- WHAT IS NEEDED -
Without any images, write the listing below out word for word.

- STORED DATA -
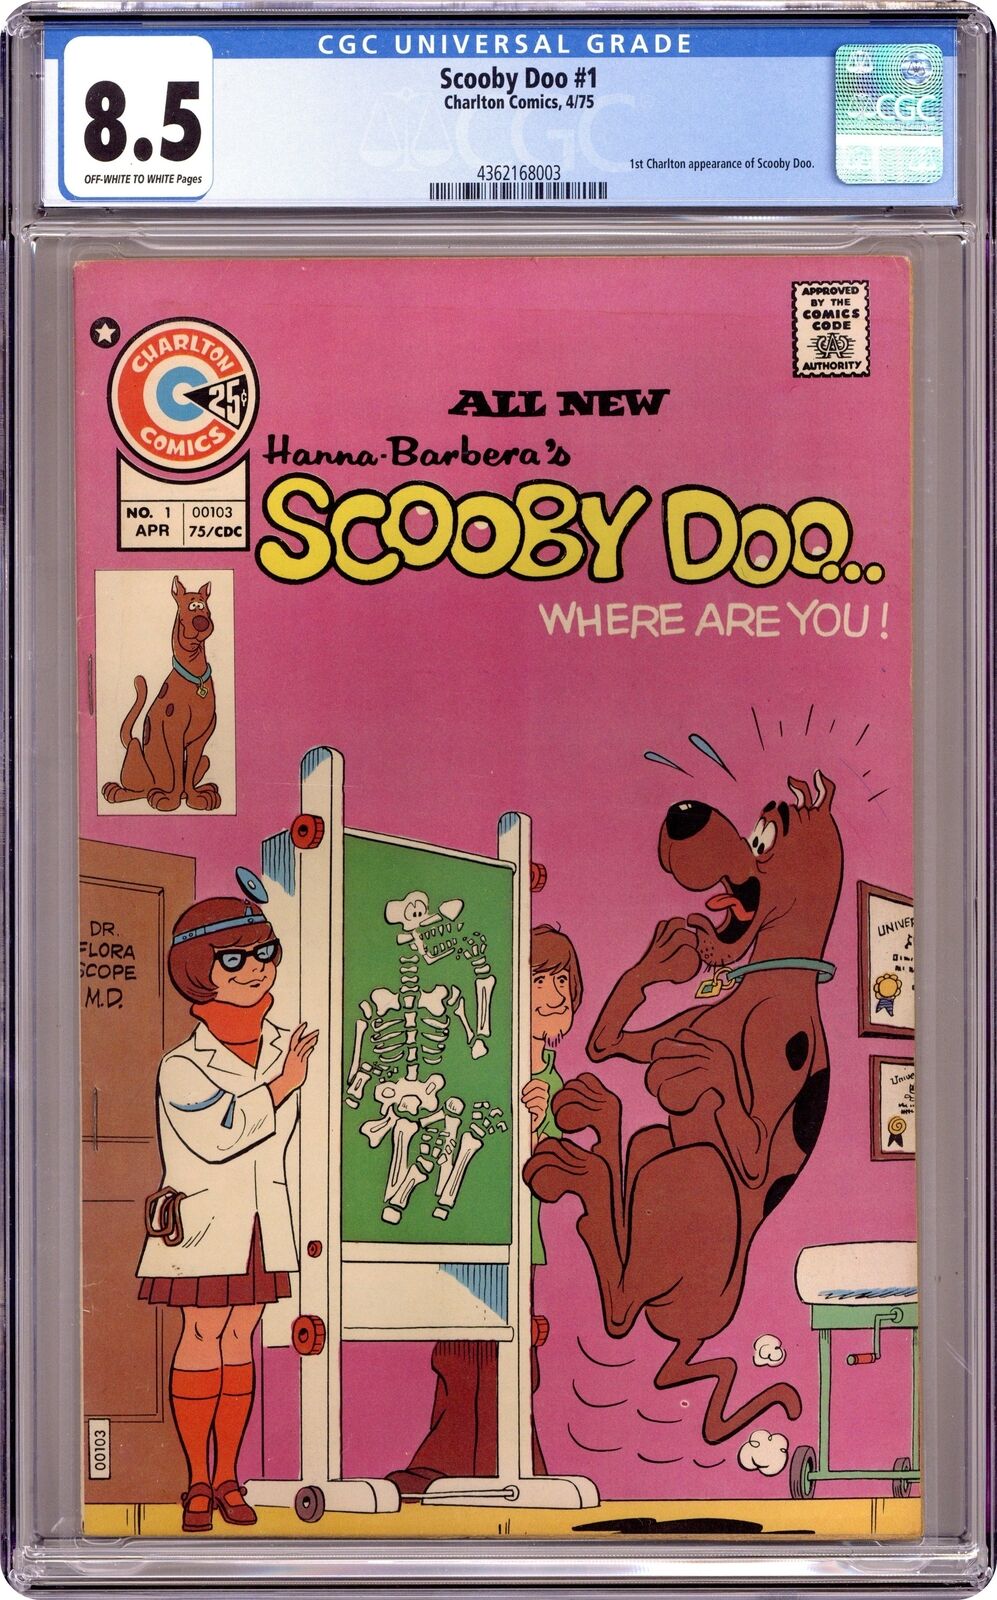 Scooby Doo #1 CGC 8.5 1975 4362168003
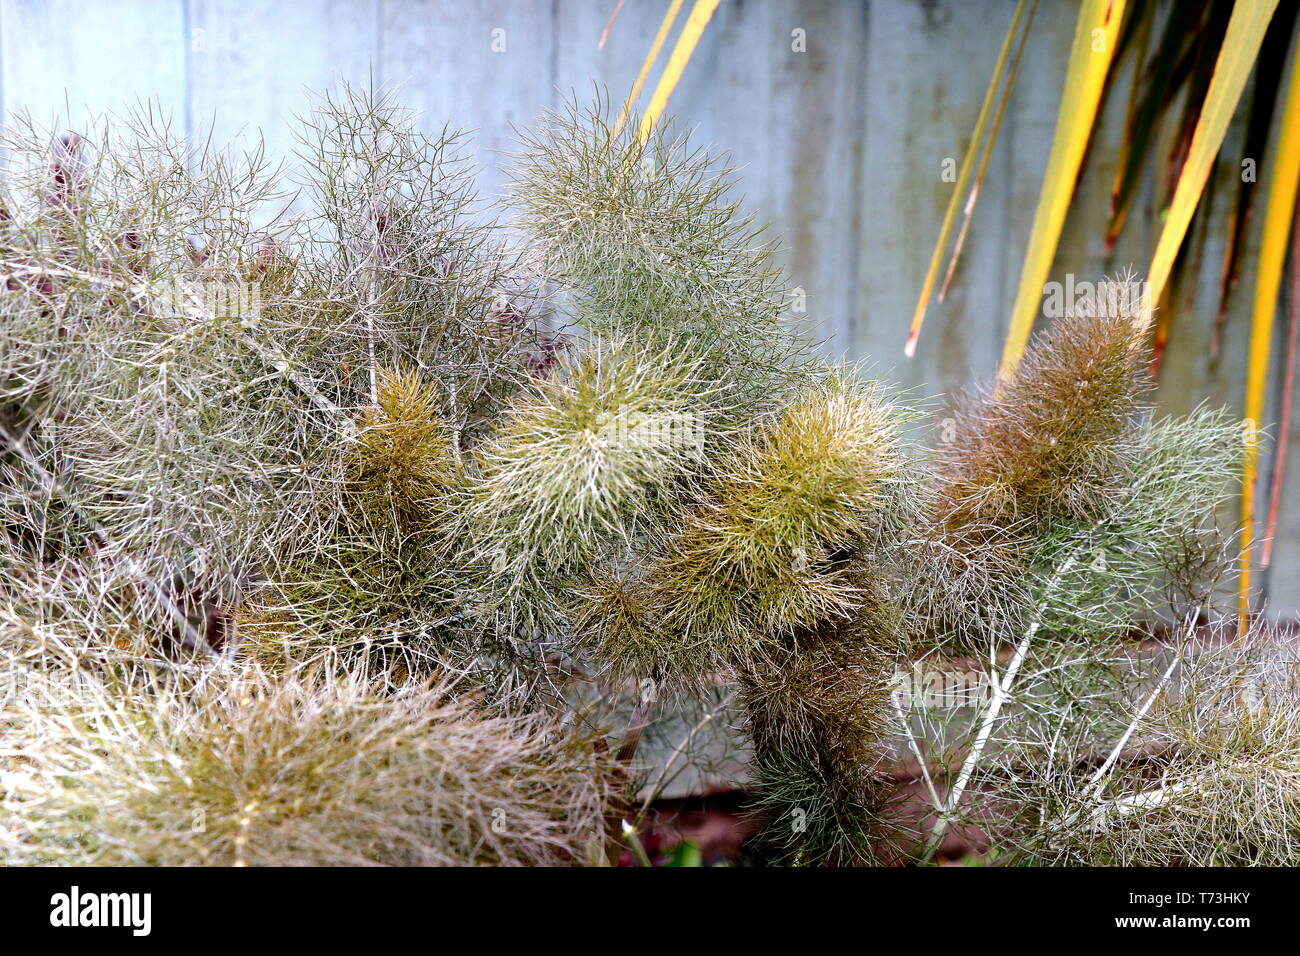 Bronze Fenchel, Foeniculum vulgare, ist eine blühende Pflanze Arten in der Karotte Familie. Eine winterharte Staude Pflanze mit gelben Blüten und gefiederten Blätter. Stockfoto
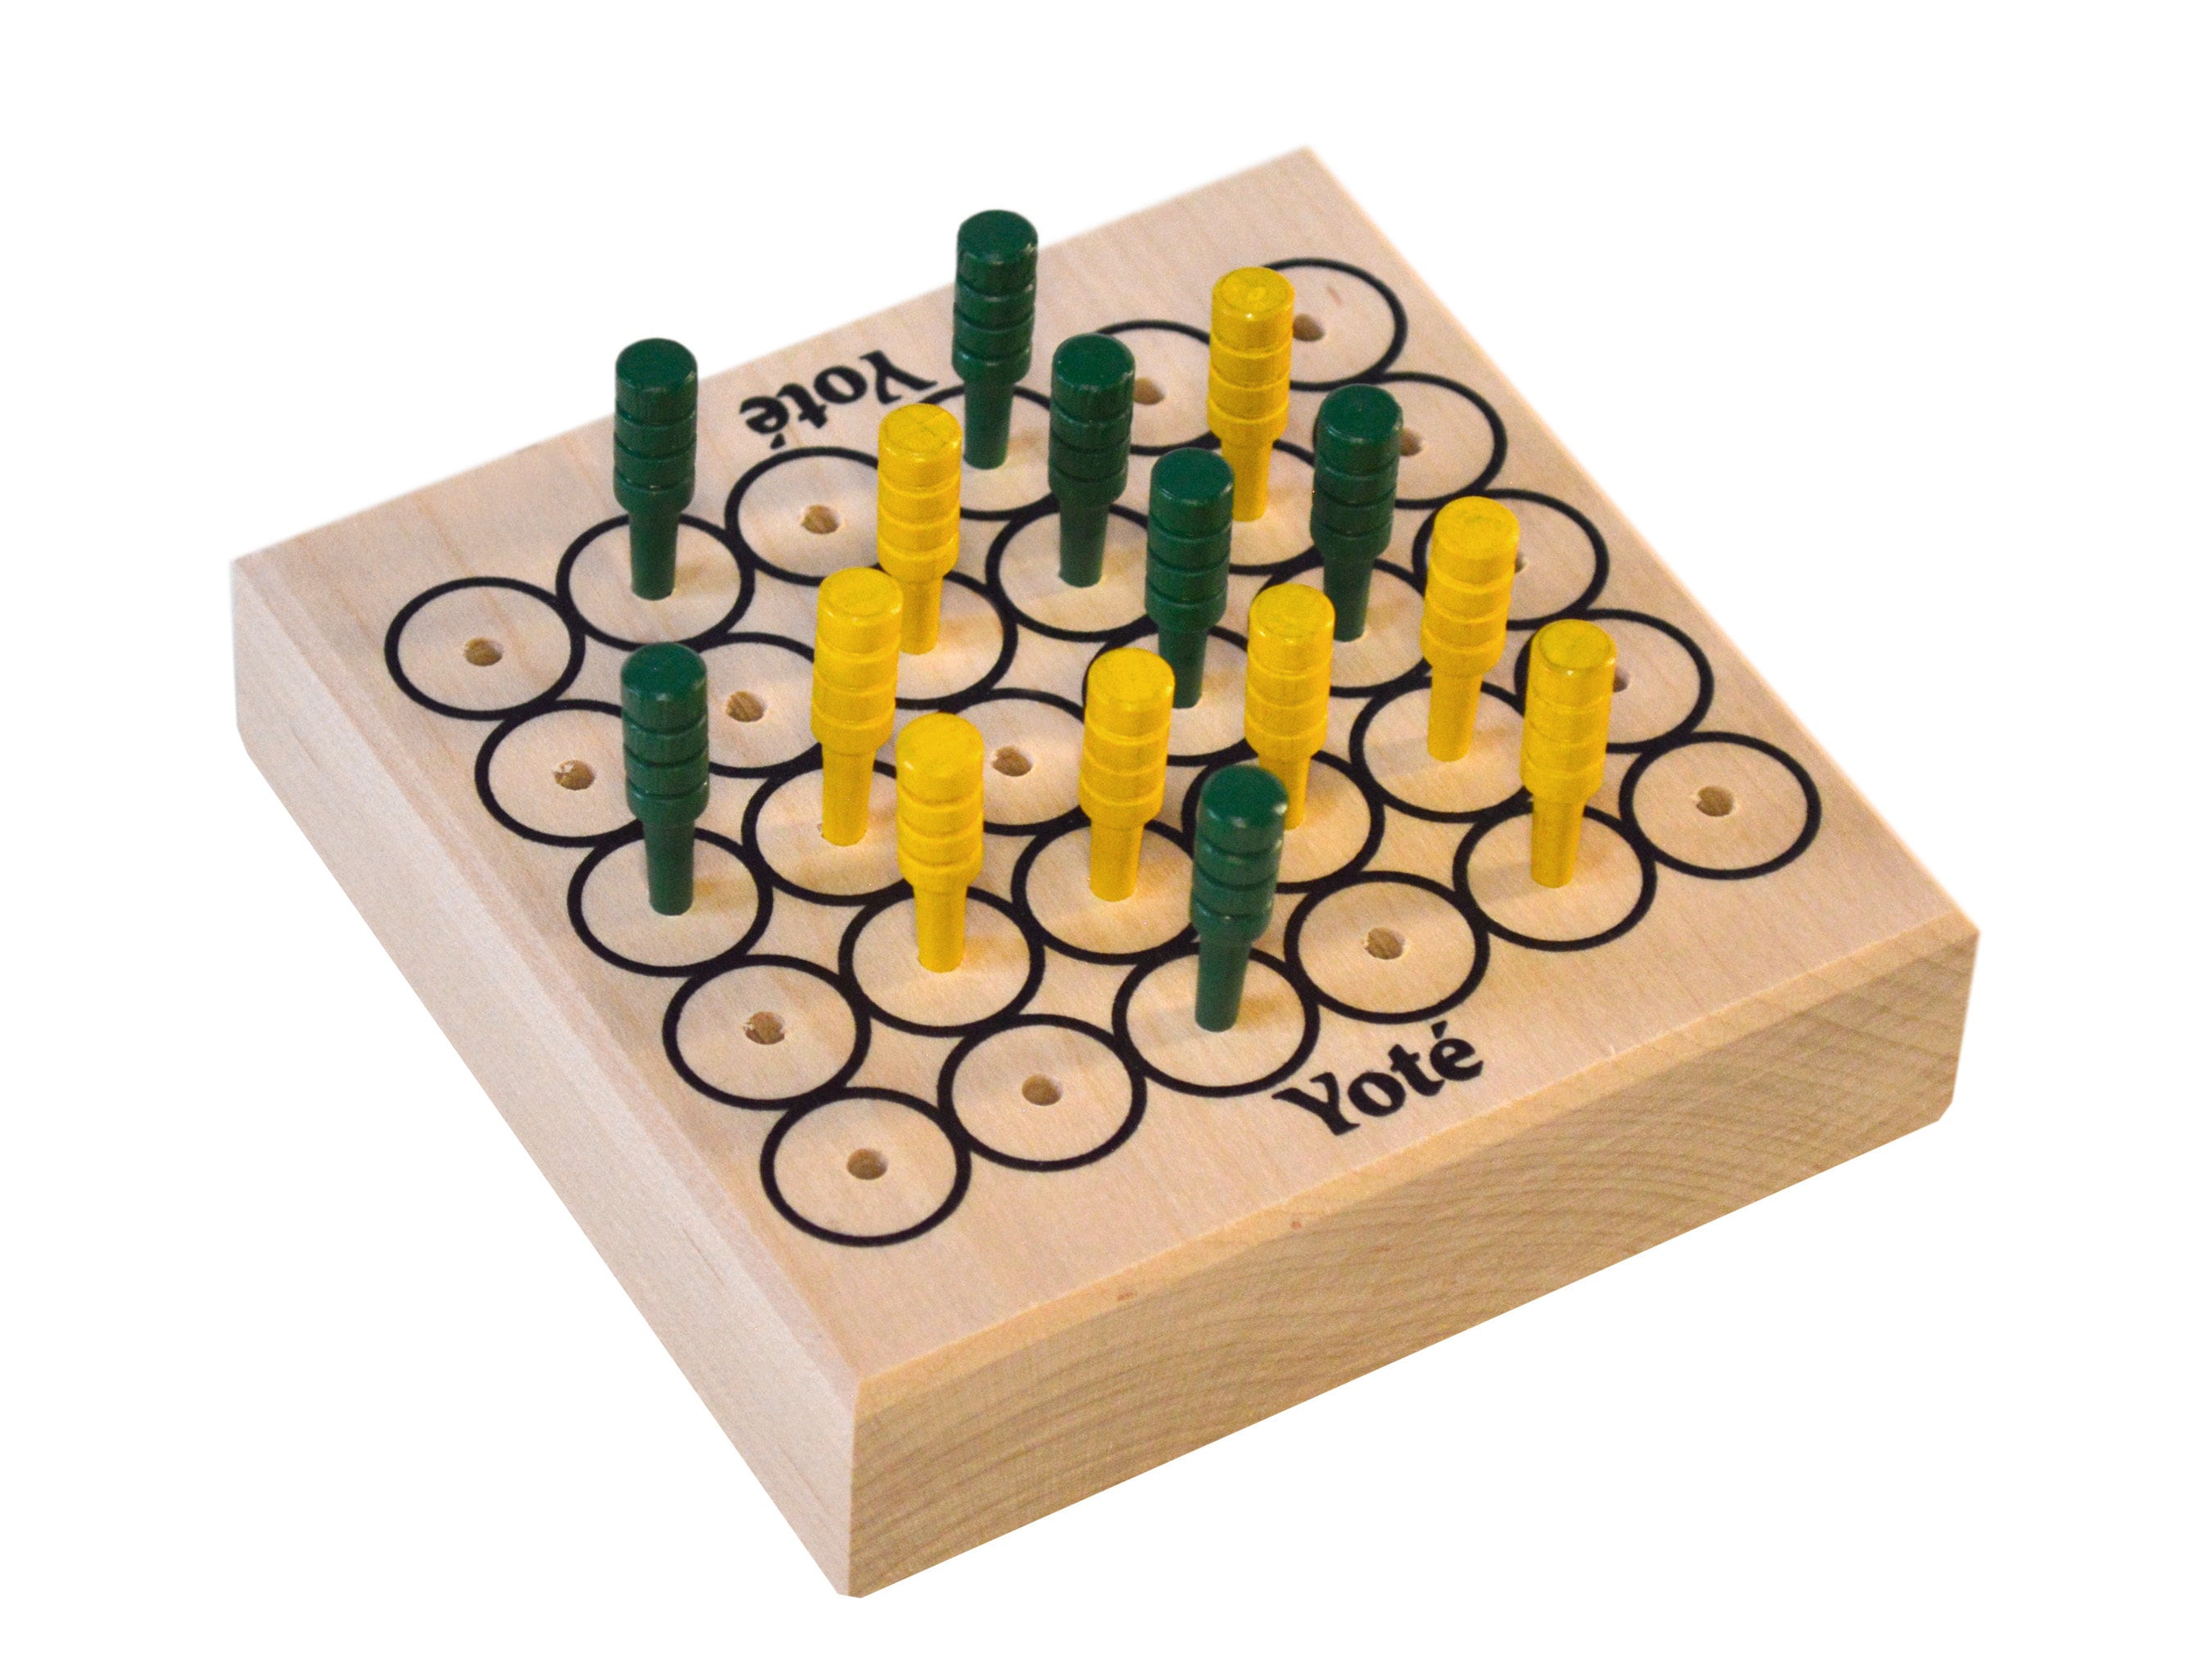 Yoté, Board Game

- RESULT OF THIS EXERCISE -
 Scooby Doo #1 CGC 8.5 1975 4362168003
 Bronze Fenchel, Foeniculum vulgare, ist eine blühende Pflanze Arten in der Karotte Familie. Eine winterharte Staude Pflanze mit gelben Blüten und gefiederten Blätter. Stockfoto
 Yoté, Board Game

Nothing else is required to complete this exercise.